*WORK TO COMPLETE*:
Set down each line of the data exactly, but not the pictures.

*MATERIAL PROVIDED*:
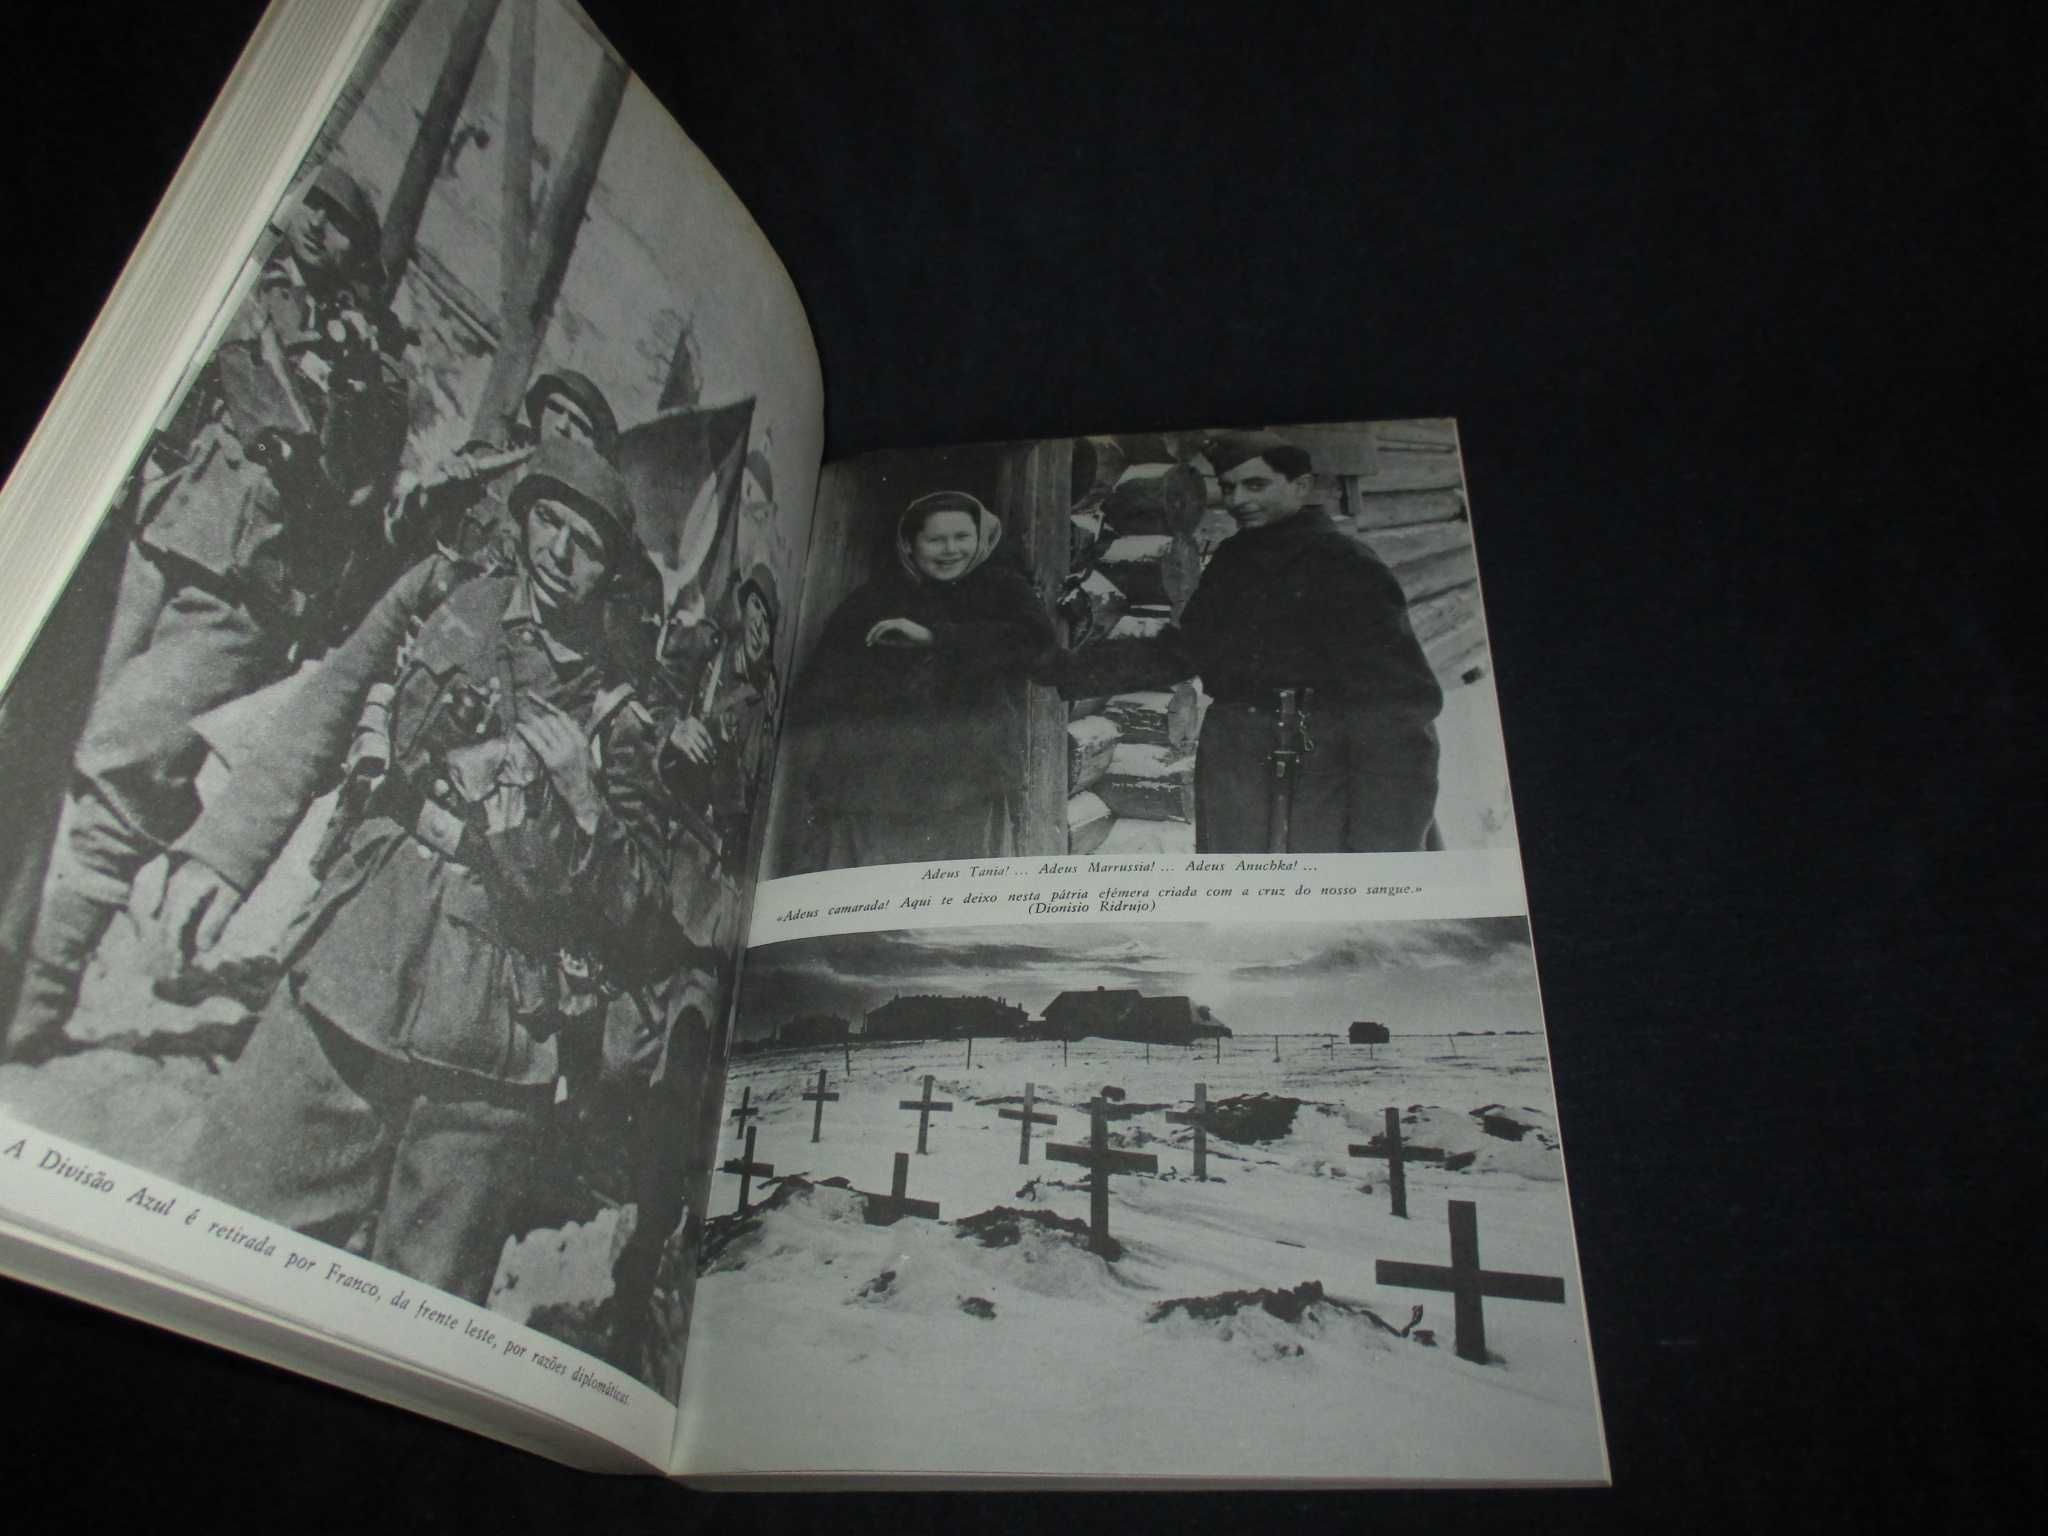 Livro A Divisão Azul Cruzada Espanhola de Leninegrado ao Gulag
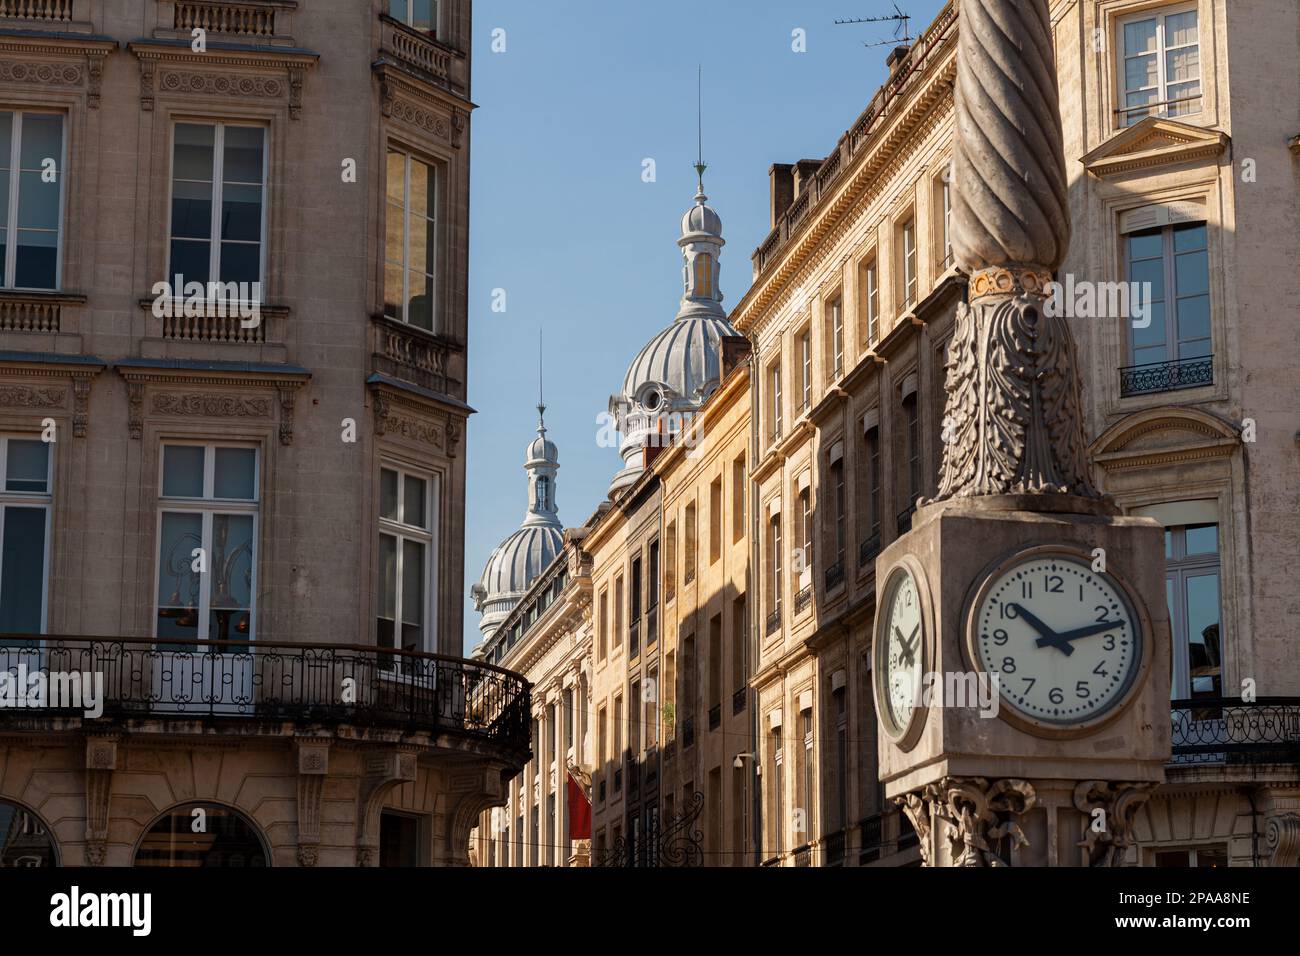 Vue sur l'ancienne horloge ancienne d'époque dans les rues de Bordeaux, France Banque D'Images
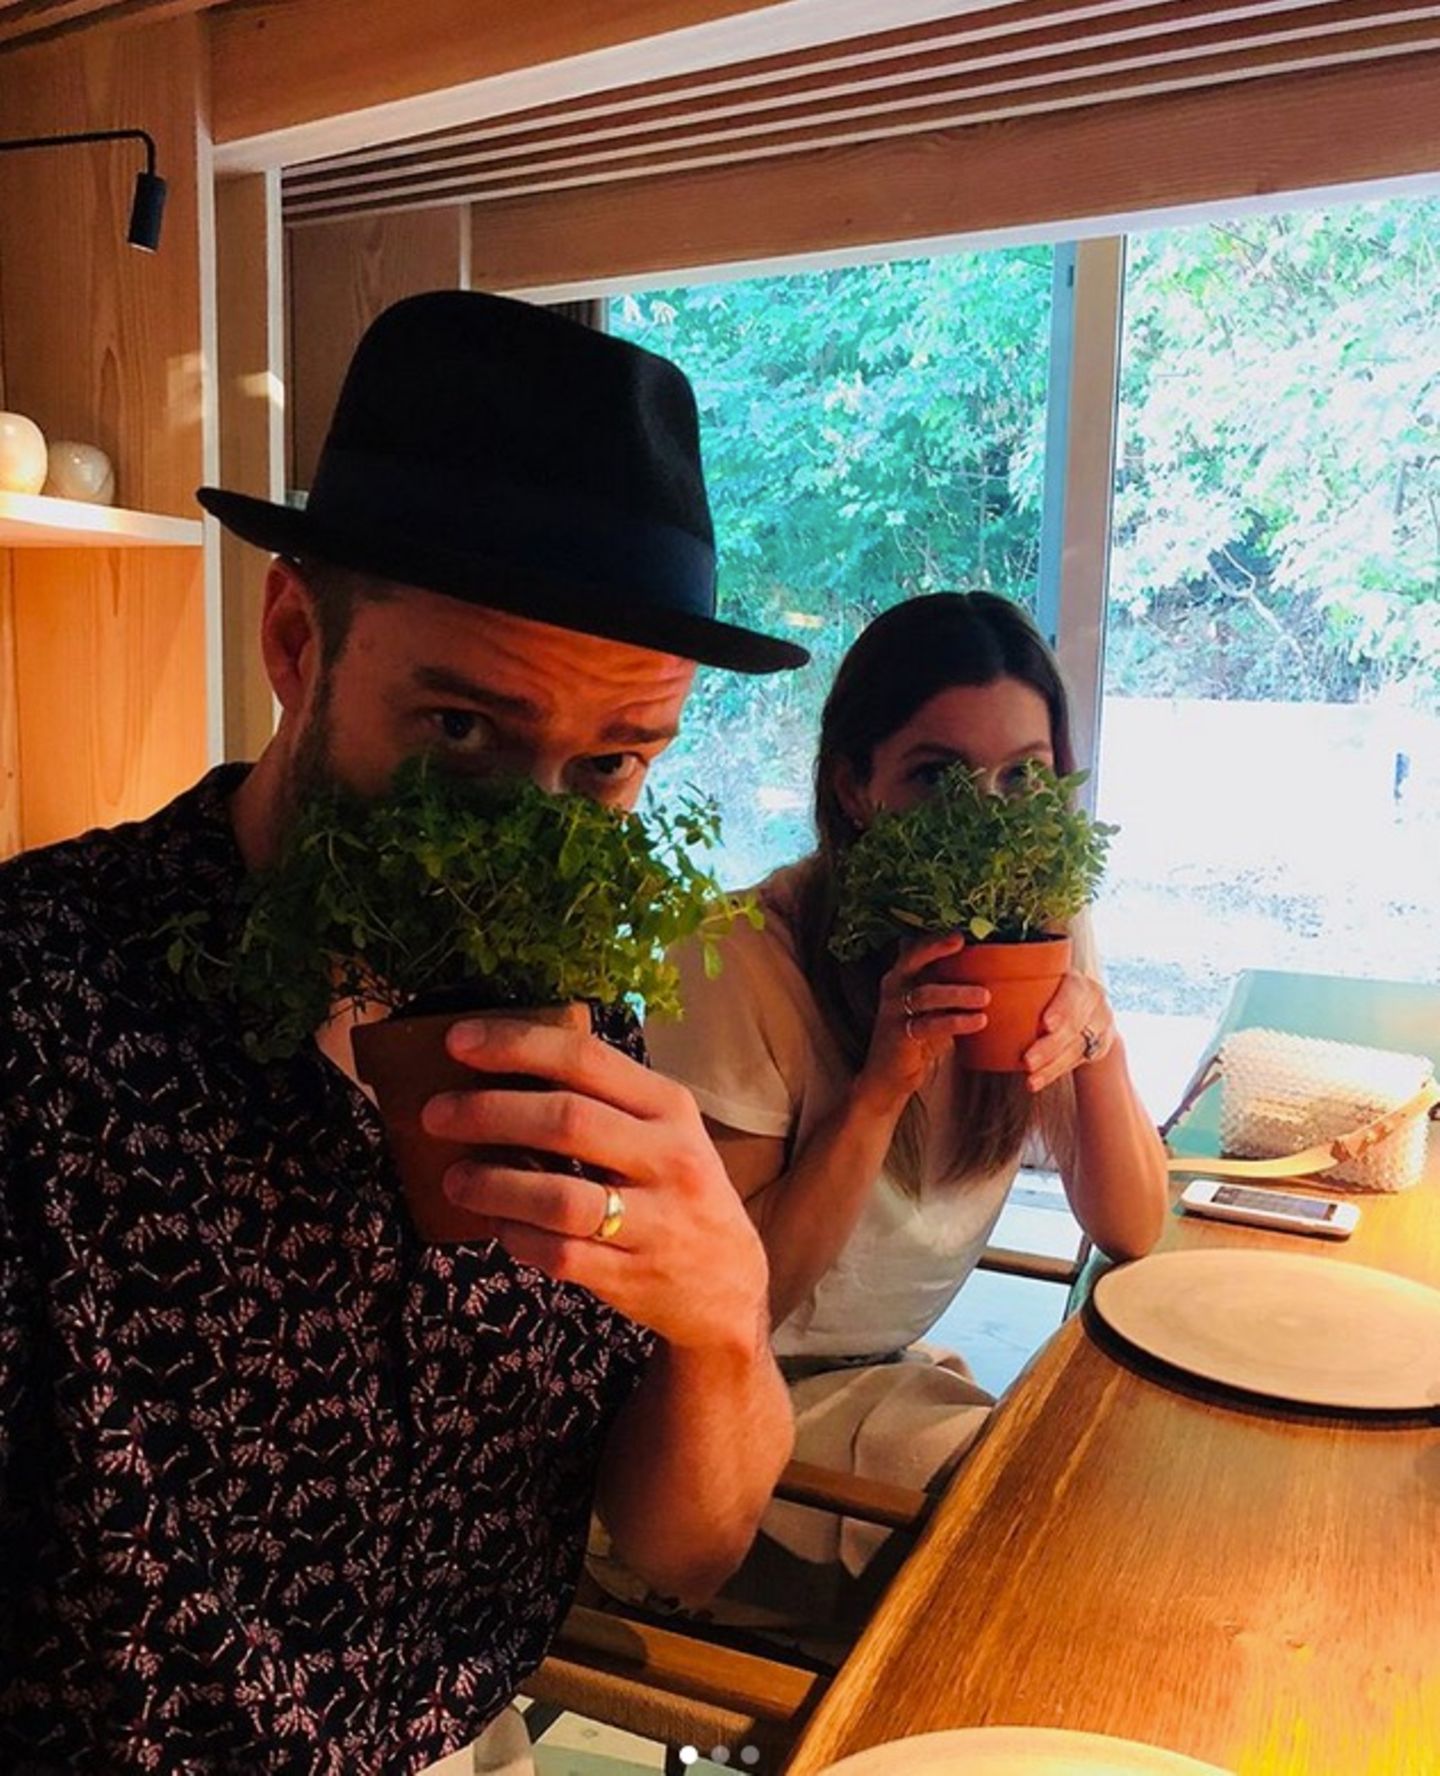 5. August 2018  Vor dem Dinner schnüffeln Jessica Biel und Justin Timberlake an den Gewürzen. 

*SOLVED PROBLEM*:
 Livro A Divisão Azul Cruzada Espanhola de Leninegrado ao Gulag
 Vue sur l'ancienne horloge ancienne d'époque dans les rues de Bordeaux, France Banque D'Images
 5. August 2018  Vor dem Dinner schnüffeln Jessica Biel und Justin Timberlake an den Gewürzen. 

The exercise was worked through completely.